Abstract
All coding DNAs exhibit 3-base periodicity (TBP), which may be defined as the tendency of nucleotides and higher order n-tuples, e.g. trinucleotides (triplets), to be preferentially spaced by 3, 6, 9 etc, bases, and we have proposed an association between TBP and clustering of same-phase triplets. We here investigated if TBP was affected by intercodon dinucleotide tendencies and whether clustering of same-phase triplets was involved. Under constant protein sequence intercodon dinucleotide frequencies depend on the distribution of synonymous codons. So, possible effects were revealed by randomly exchanging synonymous codons without altering protein sequences to subsequently document changes in TBP via frequency distribution of distances (FDD) of DNA triplets.
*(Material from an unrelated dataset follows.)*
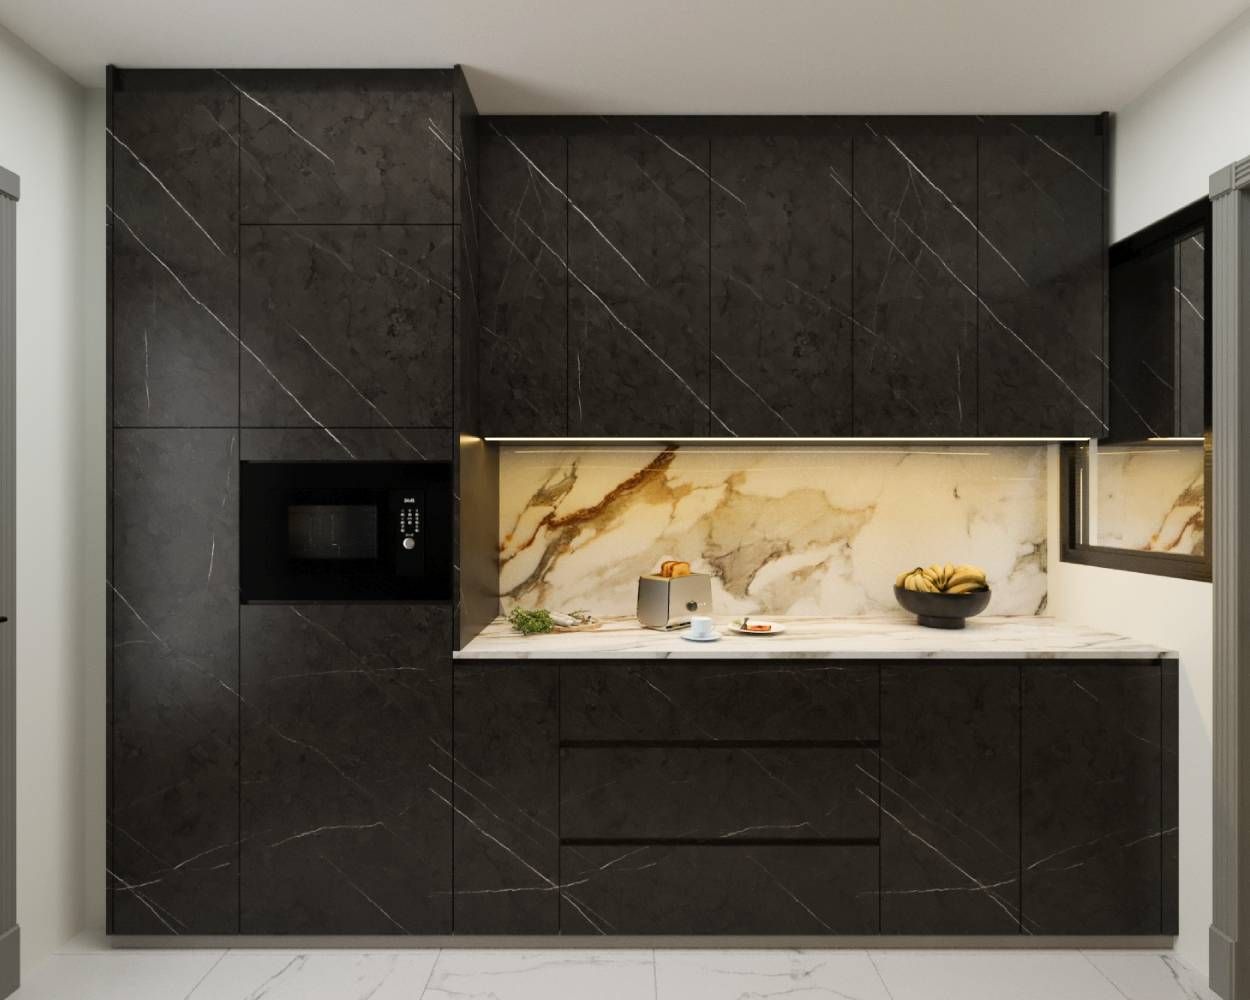 Contemporary Black Parallel Kitchen Design With White Marble Kitchen Backsplash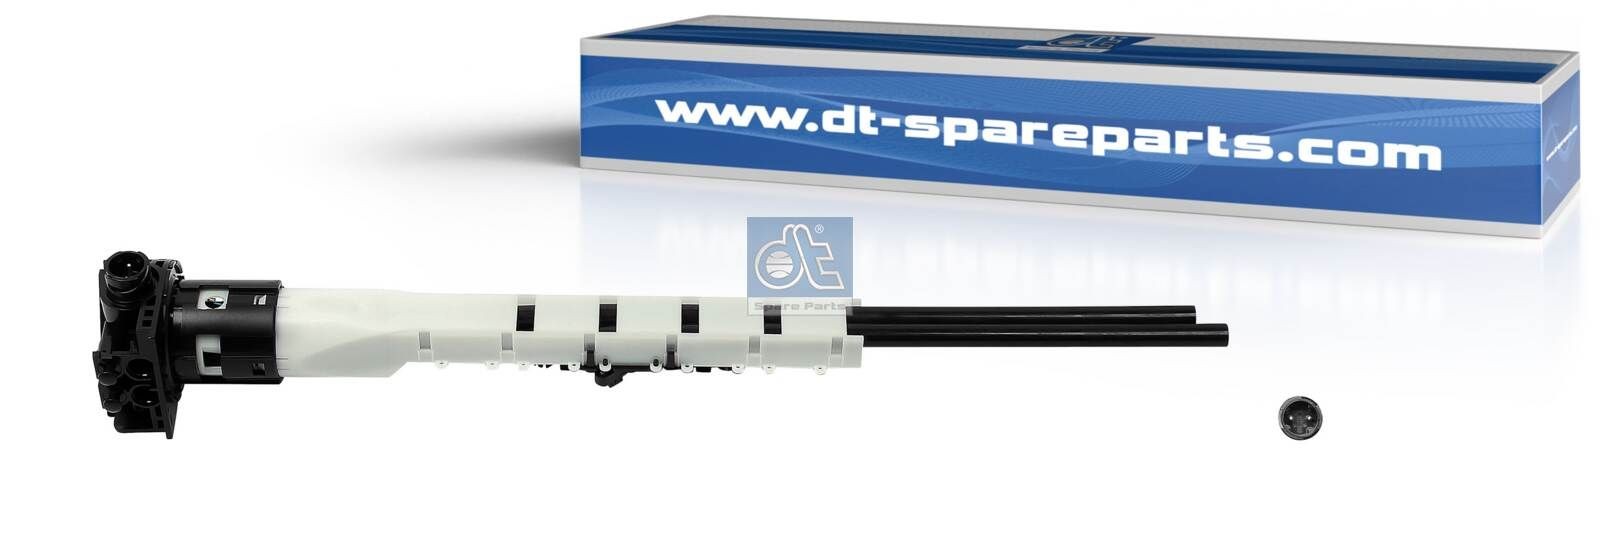 463254 Fuel level sensor DT Spare Parts 4.63254 review and test

A tripartite positive correlation was found between intercodon dinucleotide frequencies, clustering of same-phase triplets and TBP. So, intercodon C|A (where “|” indicates the boundary between codons) was more frequent in native human DNA than in the codon-shuffled sequences; higher C|A frequency occurred along with more frequent clustering of C|AN triplets (where N jointly represents A, C, G and T) and with intense CAN TBP. The opposite was found for C|G, which was less frequent in native than in shuffled sequences; lower C|G frequency occurred together with reduced clustering of C|GN triplets and with less intense CGN TBP. We hence propose that intercodon dinucleotides affect TBP via same-phase triplet clustering. A possible biological relevance of our findings is briefly discussed.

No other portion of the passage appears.